There are concerns that it might not be worth the hassle as their broadcasts will just get swallowed up and pulverised by the sheer might of Tipaza. The fella behind Arctic 252 said it is also extremely expensive to even do the test broadcasts so it might not happen.
Châine 3 has some decent programming on a Friday and Saturday night if you like world music. Radio Romania broadcasts on LW too I think but I can never pull it in on LW, I can on SW. There’s some other LW stations around but it is slim pickings and you’d be better using a Kiwi SDR instance to try and tune in to the far flung ones.
Enjoy Radio 4 LW while you can before the BBC switch it off next year.
It seems that BBC R4 is the last European LW broadcaster [although ghostly carriers mark the graves of some LW stations - like Radio France and Deutschlandfunk - on their former frequencies]. Listening to the wealth of LW, MW and subsequently SW broadcasts got me into amateur radio. Almost the end of an era for LW and MW.

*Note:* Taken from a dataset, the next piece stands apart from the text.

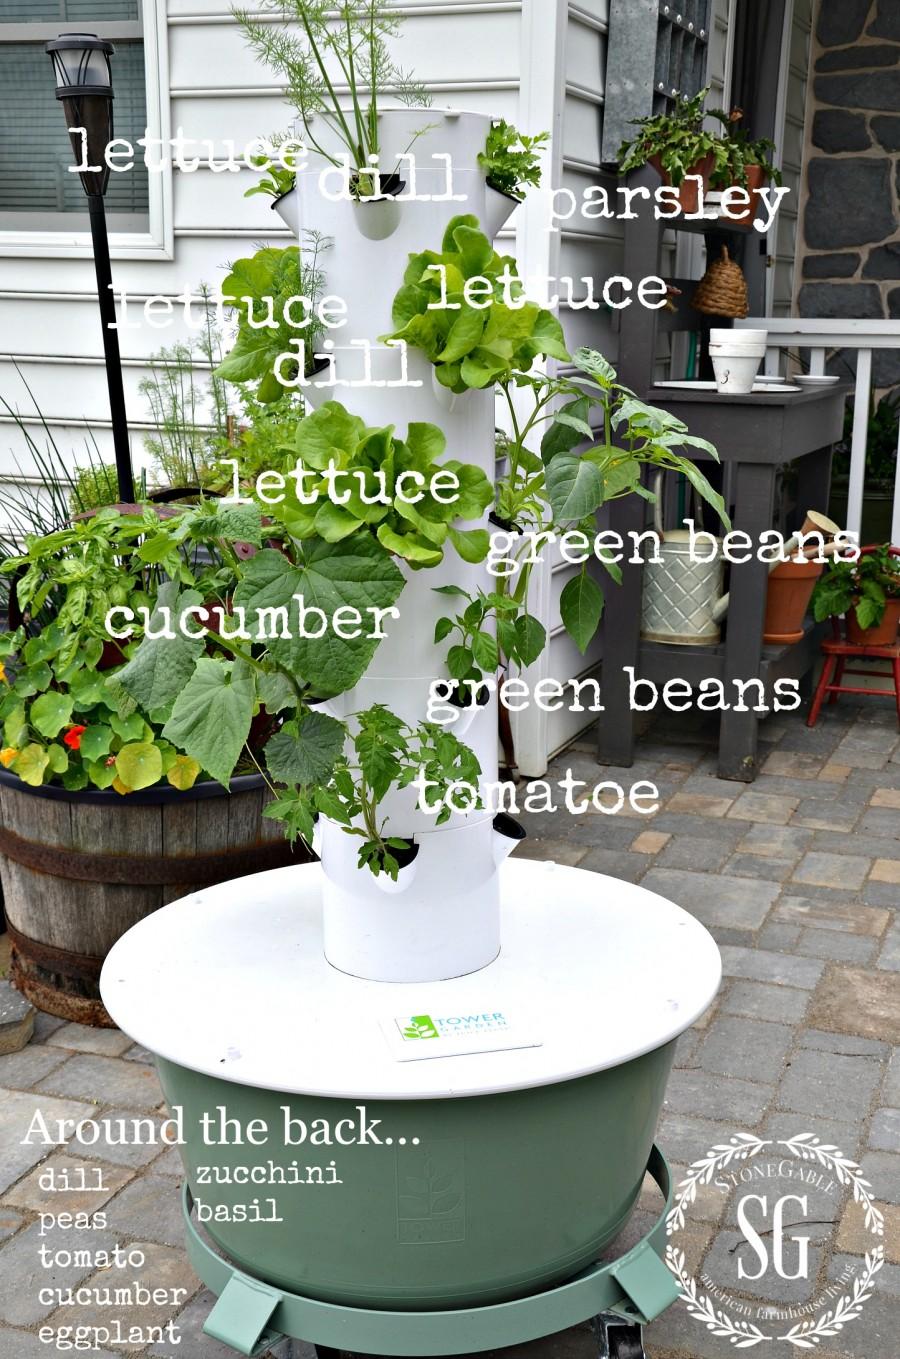 TOWER GARDEN-growing veggies and herbs-stonegableblog.com
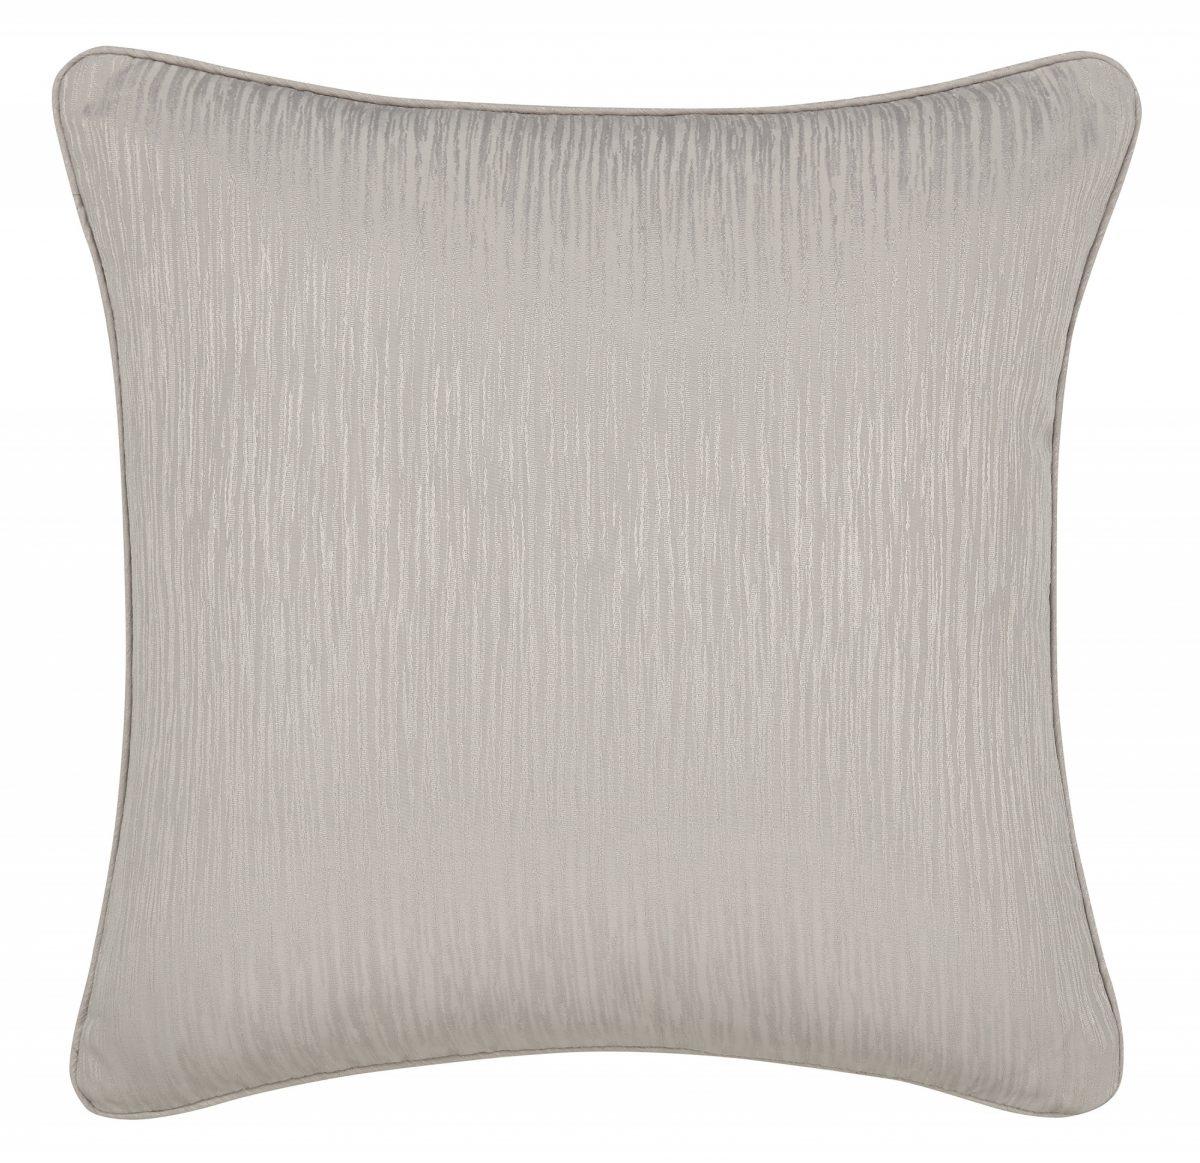 Pb Hotel Barcelo Cashmere Cushion Co 1

Yes but those stations on FM sound oh so much better. DAB 64kbps MP2 audio (traditional DAB) was deemed fine for a talk radio station like BBC R4. I challenge you to listen to The Archers on DAB and FM and you’ll switch to FM, even noisy FM. Why? Because DAB Archers is in mono with no ambience or soundstage. FM Archers is stereo with people walking in from one side and exiting on the other. There’s ambience and feeling. DAB sounds stilted and dead.
If you can’t get FM then DAB becomes a Hobson’s choice. However, considering the effort and engineering the BBC went through in the 60s/70s to deliver consistently brilliant quality audio to the FM transmitters around the UK compared with how terrible DAB sounds using far too small a bandwidth. Those old engineers will be spinning in their graves at the travesty that is sound broadcasting in the UK now.
It’s all headed towards a connected future alas…which worked well recently in the Iberian blackouts.
Then what happened? All the shops sold out of ‘traditional’ radios. Lessons won’t be learned though and it’ll still point towards a connected (and controlled) broadcasting future I think.
I feel bad for the folks in parts of the world where information is suppressed, who can access more (you’d like to think) reliable broadcasts via the magnificence of SW/MW/LW. ‘Traditional’ broadcasting methods and technologies, I feel, still play an important part in the modern world that is quick to leave this stuff behind without thinking of the bigger picture first.
Andy, you have an oldie’s prospective. Different goals for a different time.
There is a huge disparity between say baby boomers and generation Z in listening to live radio. Live radio is in significant, long-term decline among younger generations. They are increasingly using on-demand digital services like music streaming, podcasts and online video platforms. Actually, that’s true for me too. Ditto live television.
If I were running a broadcasting organisation, I would seriously question how further investment in transmitter infrastructure could be justified, and even how the current infrastructure will be funded in 15-20 years’ time.